The Generational Curveball
Age produces some of the survey’s most counterintuitive findings. Younger Americans (18-29) are the group most likely to consider being extremely rich immoral — one-third take that position, compared to just 10% of adults 65 and older. This age gap holds even within political parties: young Democrats are far more likely to condemn wealth than older Democrats; young Republicans are more likely than their elders to do so as well.
At the same time, younger adults are less likely than older adults to call homosexuality morally wrong — 30% of 18-to-29-year-olds take that position compared to higher shares among every older age group. The conventional read is that younger Americans are more permissive across the board. The wealth finding complicates that. They’re not simply more permissive — they’ve redistributed their moral concerns toward different targets.
Americans Think Everyone Around Them Is Immoral

Perhaps the most globally unusual finding in Pew’s related international research is this: 53% of Americans say the morality and ethics of their fellow citizens are somewhat or very bad.
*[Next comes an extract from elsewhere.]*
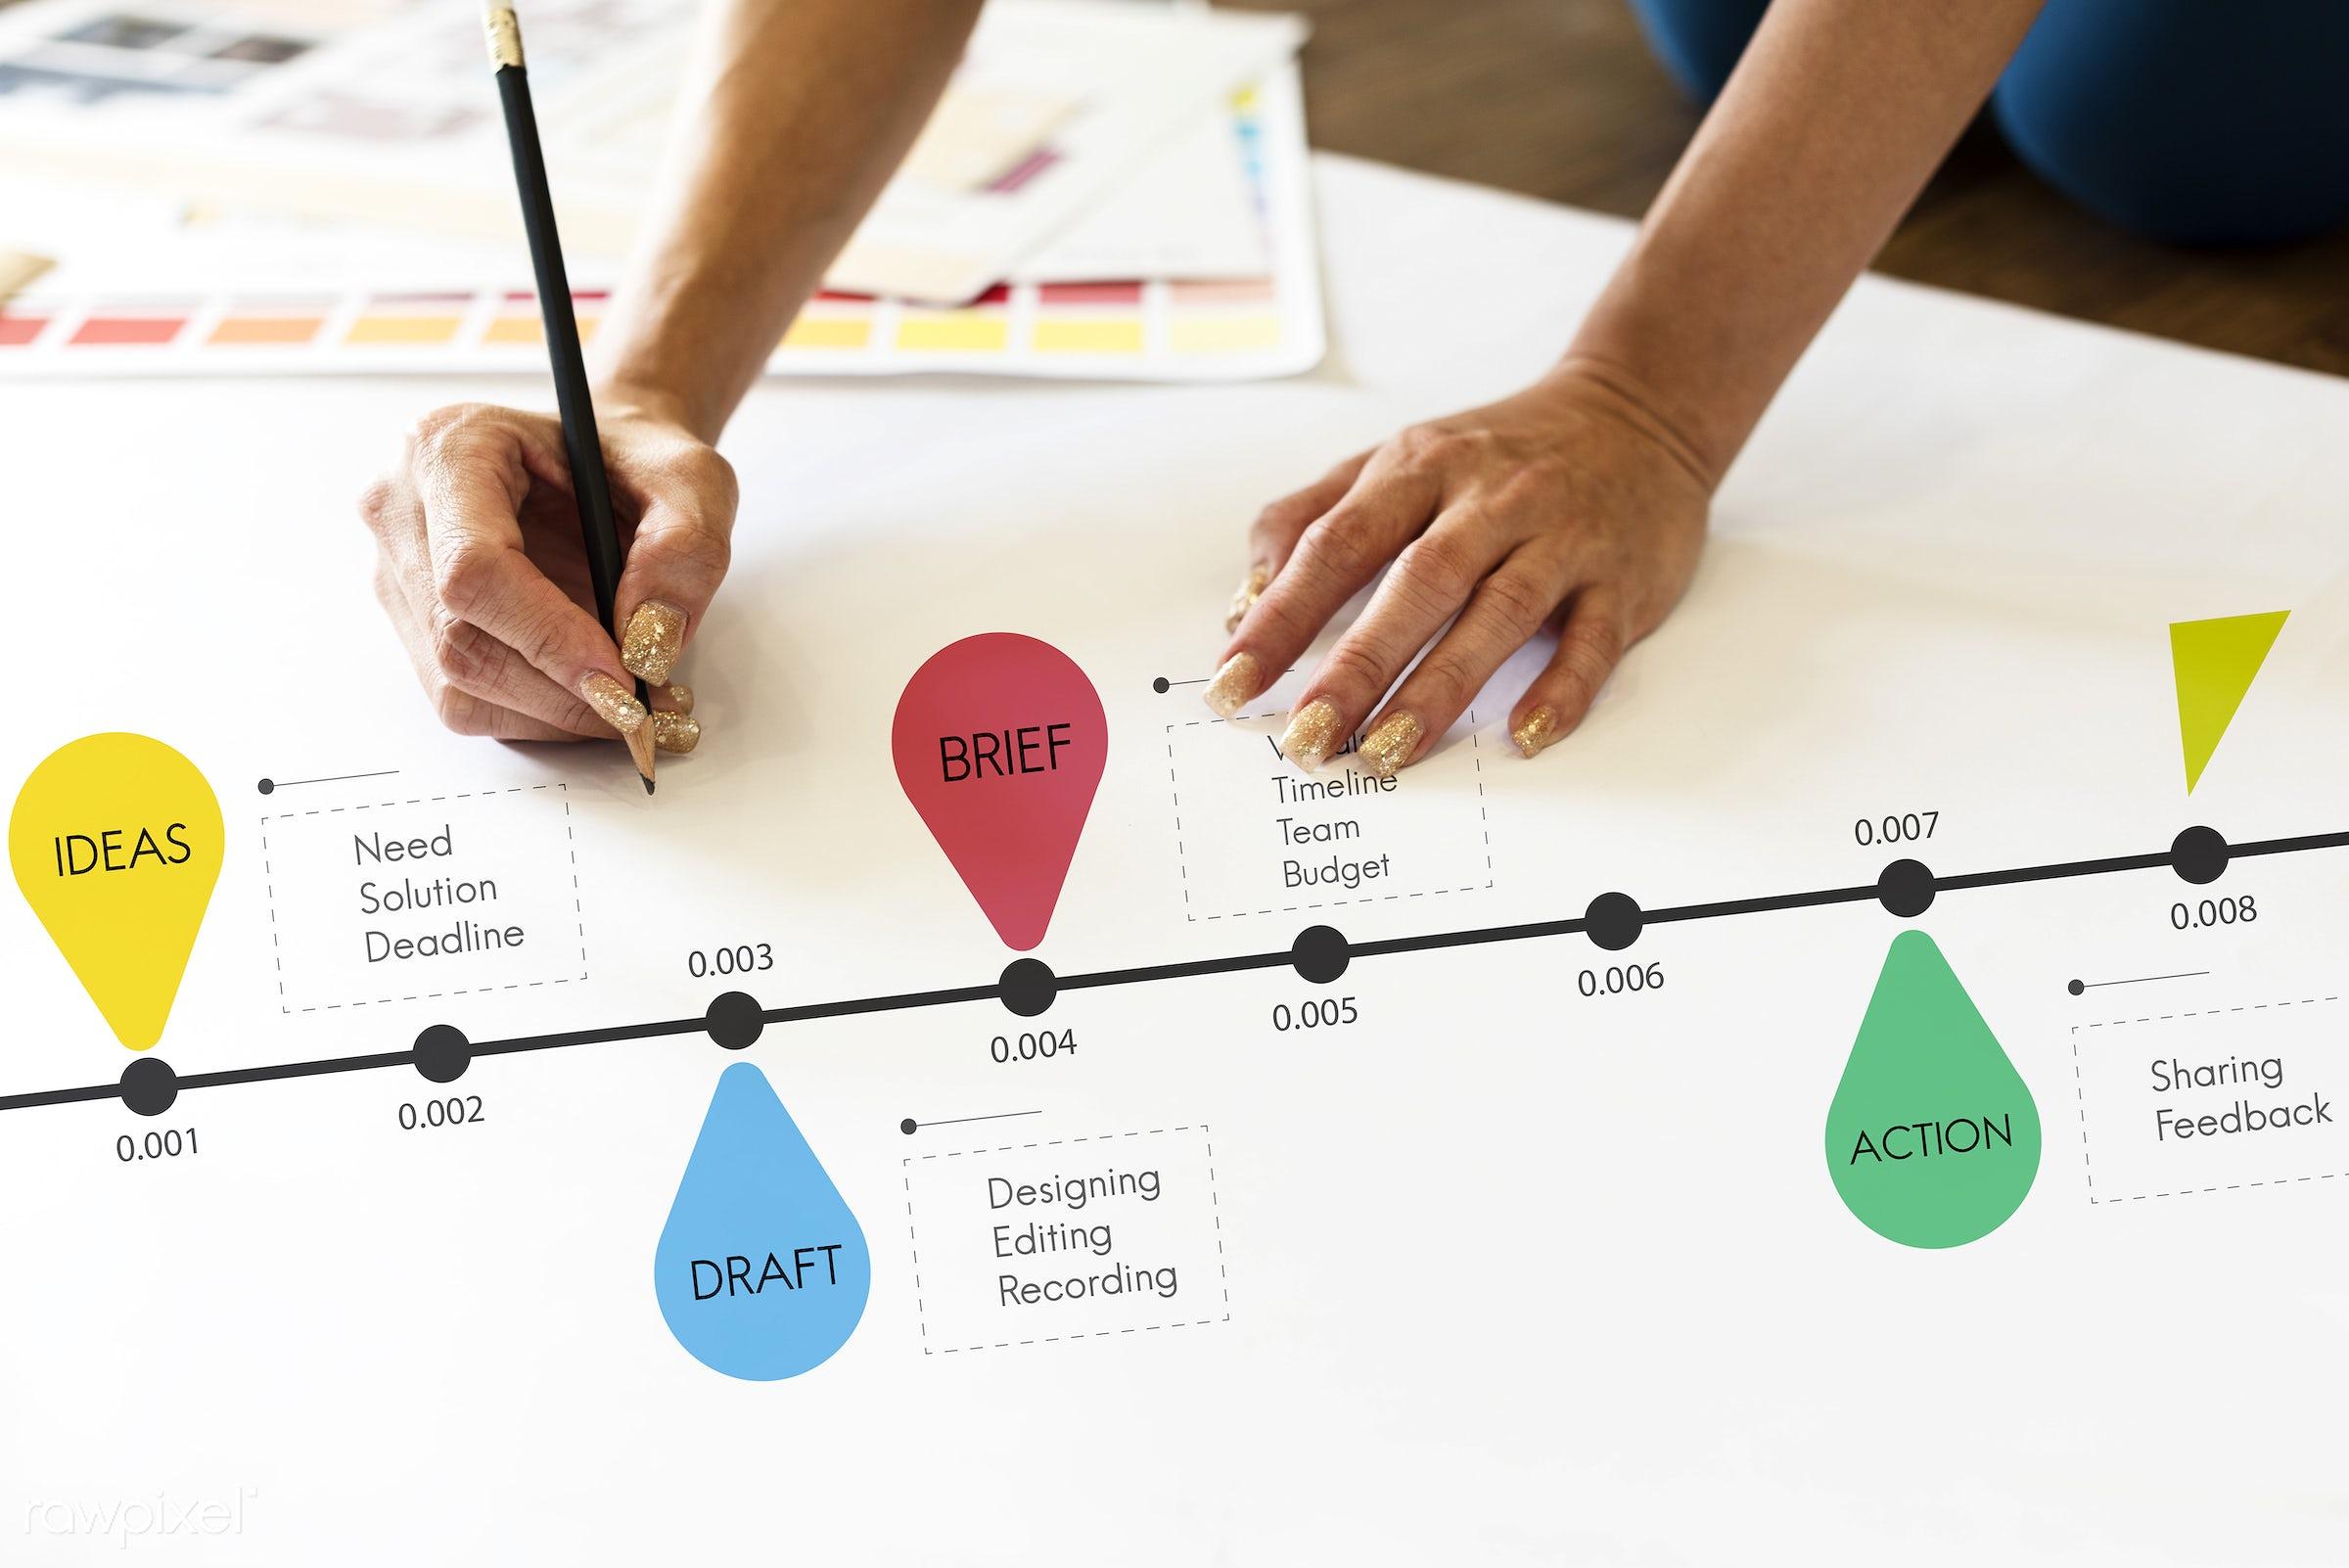 editing, timeline, actions, art, brief, budget, creation, creative, creativity, deadline, design, designing, diagram, draft...

In a 25-country survey, the U.S. stood out as one of the few nations where a majority of people view their fellow citizens as morally deficient. In nearly every other country surveyed, more people rated their compatriots as morally good than bad.
This finding sits in an interesting tension with the survey’s actual behavioral data. When asked about specific behaviors, Americans express mostly permissive views — yet a majority believe the people around them have bad values. The gap between how people judge abstract “other Americans” and how they assess actual behaviors suggests that the moral pessimism Americans feel toward each other may have more to do with political perception than with real behavioral differences.
What the Map Actually Shows
The survey’s headline, that Republicans and Democrats sharply disagree, is true. But the more durable takeaway is structural: Americans are applying moral frameworks more selectively and surprisingly than the binary frame of the culture wars captures. Extramarital affairs: almost everyone agrees. Death penalty, extreme wealth, corporal punishment: significant minorities call these wrong, distributed in ways that don’t neatly fit the usual scripts. Contraception, doctor-assisted dying, homosexuality: broad permissiveness, held quietly by majorities that don’t always make news.
The country is divided. It’s also, in ways the data keeps revealing, more complicated than the divide.